All well and good, possibly an interesting reboot even, except for one little detail: Spock is something like 100 years older than Kirk! I realize we’re talking about fictional characters but if they want to play by the rules than this is a pretty crucial one to follow. A large part of Spock’s backstory in the original series comes from his age and prior experiences. Indeed, if the ratings get dire enough, I wouldn’t be at all surprised to see a very young Spock pop up as a character on Enterprise even though this would be something of a continuity violation.

Sorry Harve. A series set at the Academy might work just fine and even one where young Kirk is the lead character. Just leave Spock’s pointy ears out of it, knowwhatImean?

Yesterday’s movie: The Magnificent Seven

There are only seven basic stories for writers to use and Hollywood ranks the Hero’s Tale right at the top; my favorite genre or at least far ahead of Boy Meets Girl. So I was quite interested when TV Guide mentioned that one such film I’d never seen but which has all kinds of great press, 1960’sThe Magnificent Seven, was going to be shown on commercial-free Turner Classic Movies. This is a film that spawned three or four sequels, a couple of variations, and a TV series. One of the last of the classic Hollywood westerns, Magnificent Seven is itself based on a another film, a Japanese classic called Shichinin No Samurai from Akira Kurosawa.

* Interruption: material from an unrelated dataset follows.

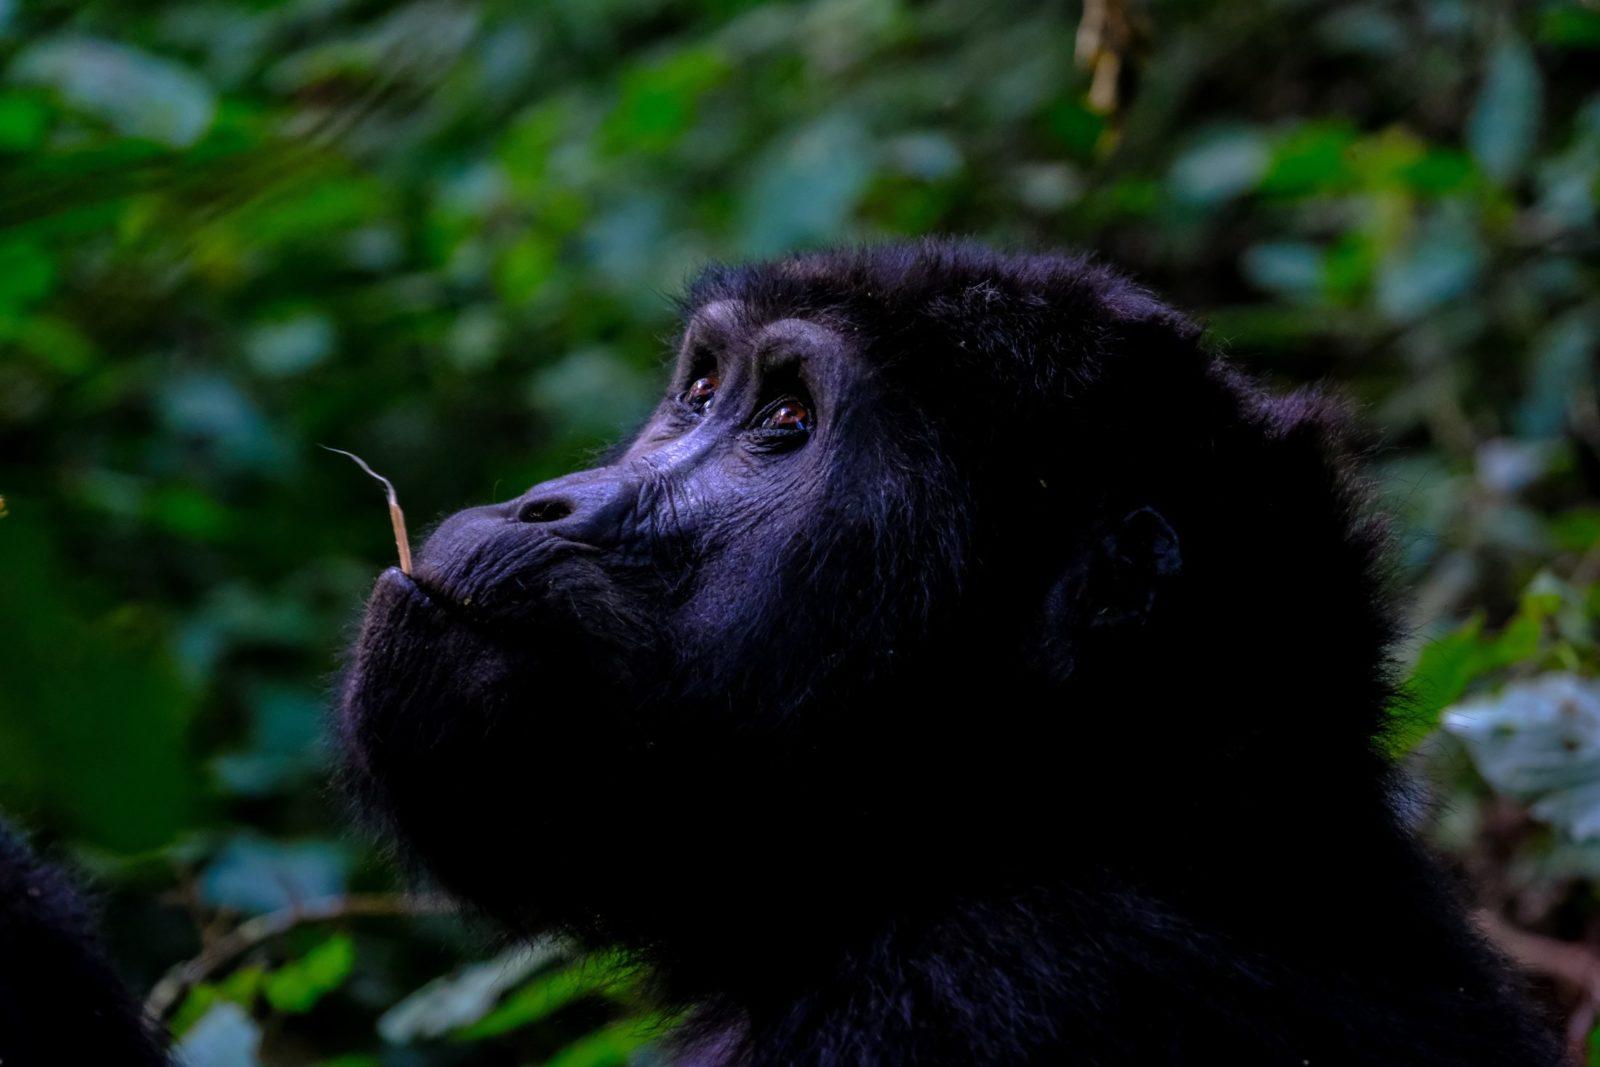 Sonhar com gorila comendo é bom presságio.

A Mexican village, a few miles on the other side of the Texas border, is hounded year after year by a bandit and his gang until the farmers decide enough’s enough. Riding up to some no name Texas town seeking guns and ammunition, they find instead two brave gunmen (Yul Brynner and Steve McQueen) and hire them instead. The gunfighters recruit four more and a wannabe insists on joining them to make the seven. Once the crew reaches the village, there is only enough time for a little training before the bandidos attack. The story itself is hardly surprising to anyone who’s seen more than three Westerns or really any three decent Hollywood action films.

What makes it stand out so much is that so many elements come together so well. The actors really inhabit the characters, while the script treats the characters with respect rather than as objects to move the plot. The director lets the script breathe and gives the actors space. About the only artificial feeling I got was from the sets, especially the Mexican village, which were a little too obviously built on a tight budget. The villagers are a good example of what I mean; in most movies their characters would have been the objects of condescension but Brynner as the leader of the hired guns talks with them and makes them a part of the plan.

I’m not surprised since the director is John Sturges, who went on to make one of my all time favorites three years later, The Great Escape. And Steve McQueen, when his A game is on, is always a treat. The ending might seem like a bit of a letdown but I saw it as realistic.